Israel menyerang pusat kota Doha hanya beberapa hari setelah Trump mengeluarkan peringatan kepada tim negosiasi Hamas yang mendesak gencatan senjata baru. AS telah berulang kali menuduh Hamas mengulur-ulur negosiasi. Israel juga dituduh berulang kali menggagalkan perundingan.
"Israel telah menerima Persyaratan saya. Sudah saatnya Hamas juga menerima," tulis Trump di Truth Social pada hari Minggu.
"Saya telah memperingatkan Hamas tentang konsekuensi jika tidak menerima. Ini peringatan terakhir saya, tidak akan ada peringatan lain!"
Setelah serangan itu, Hamas mengatakan bahwa mereka yang menjadi sasaran telah membahas proposal terbaru Trump.
Kelompok itu menambahkan bahwa serangan itu "menegaskan tanpa keraguan bahwa Netanyahu dan pemerintahannya tidak ingin mencapai kesepakatan apa pun dan sengaja berusaha menggagalkan semua peluang dan menggagalkan upaya internasional".
"Kami menganggap pemerintah AS bertanggung jawab bersama dengan pendudukan [Israel] atas kejahatan ini, karena dukungannya yang berkelanjutan terhadap agresi dan kejahatan pendudukan terhadap rakyat kami," kata kelompok itu.
Sementara itu, Leavitt mengatakan kepada para wartawan bahwa Trump "yakin insiden malang ini dapat menjadi peluang untuk perdamaian".
Ia mengatakan Trump telah berbicara dengan Benjamin Netanyahu dari Israel setelah serangan tersebut, tetapi tidak mengatakan apakah ia mengancam akan melakukan tindakan apa pun terhadap sekutu dekat AS tersebut.
Amiri Diwan dari Qatar juga mengonfirmasi dalam sebuah pernyataan bahwa presiden AS telah melakukan panggilan telepon dengan Emir Qatar, Sheikh Tamim bin Hamad Al Thani, dan mengutuk serangan tersebut.
“Sementara itu, Yang Mulia Emir menegaskan bahwa Negara Qatar mengutuk dan mengecam sekeras-kerasnya serangan yang sembrono dan kriminal ini dan menganggapnya sebagai pelanggaran mencolok terhadap kedaulatan dan keamanannya serta pelanggaran yang jelas terhadap aturan dan prinsip hukum internasional,” kata Diwan tersebut.

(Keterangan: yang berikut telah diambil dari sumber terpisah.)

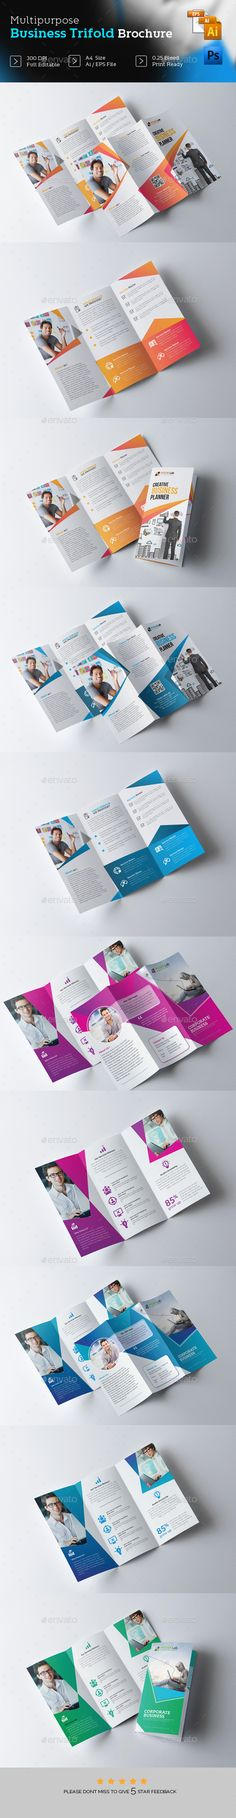 Free PSD Mockups - Trifold Brochure Free stuff Pinterest - free pamphlet design

Sheikh Tamim mengatakan serangan itu mengancam stabilitas kawasan dan menghambat “upaya untuk meredakan ketegangan dan mencapai solusi diplomatik yang berkelanjutan”.
“Qatar akan mengambil semua langkah yang diperlukan untuk melindungi keamanannya dan menjaga kedaulatannya,” pernyataan tersebut mengutip pernyataan Sheikh Tamim.
Qatar telah mengindikasikan pihaknya tidak akan, untuk saat ini, meninggalkan perannya sebagai mediator.
‘Dihilangkan Menjadi Nol’
Terlepas dari pernyataan Gedung Putih, Khalil Jahshan, direktur eksekutif Arab Center Washington DC, mengatakan banyak negara dan penduduk di kawasan tersebut masih akan menganggap pemerintahan Trump terlibat.
“Ketika Israel diberi lampu hijau untuk pada dasarnya menghancurkan kawasan dan melanggar hukum internasional, melanggar kedaulatan negara-negara yang bahkan bukan musuh, tetapi sebenarnya sekutu dekat Amerika Serikat, orang-orang bertanya-tanya: Di mana posisi Israel, dan mengapa Israel diizinkan melakukan itu?” ujarnya.
Qatar, yang tetap menjadi pendukung setia hak-hak Palestina, ditetapkan sebagai “sekutu utama non-NATO” pada tahun 2022, sebuah status yang digambarkan oleh Departemen Luar Negeri AS sebagai “simbol kuat” dari hubungan strategis yang erat dan sebuah demonstrasi “rasa hormat yang mendalam terhadap persahabatan negara-negara yang dijalinnya”.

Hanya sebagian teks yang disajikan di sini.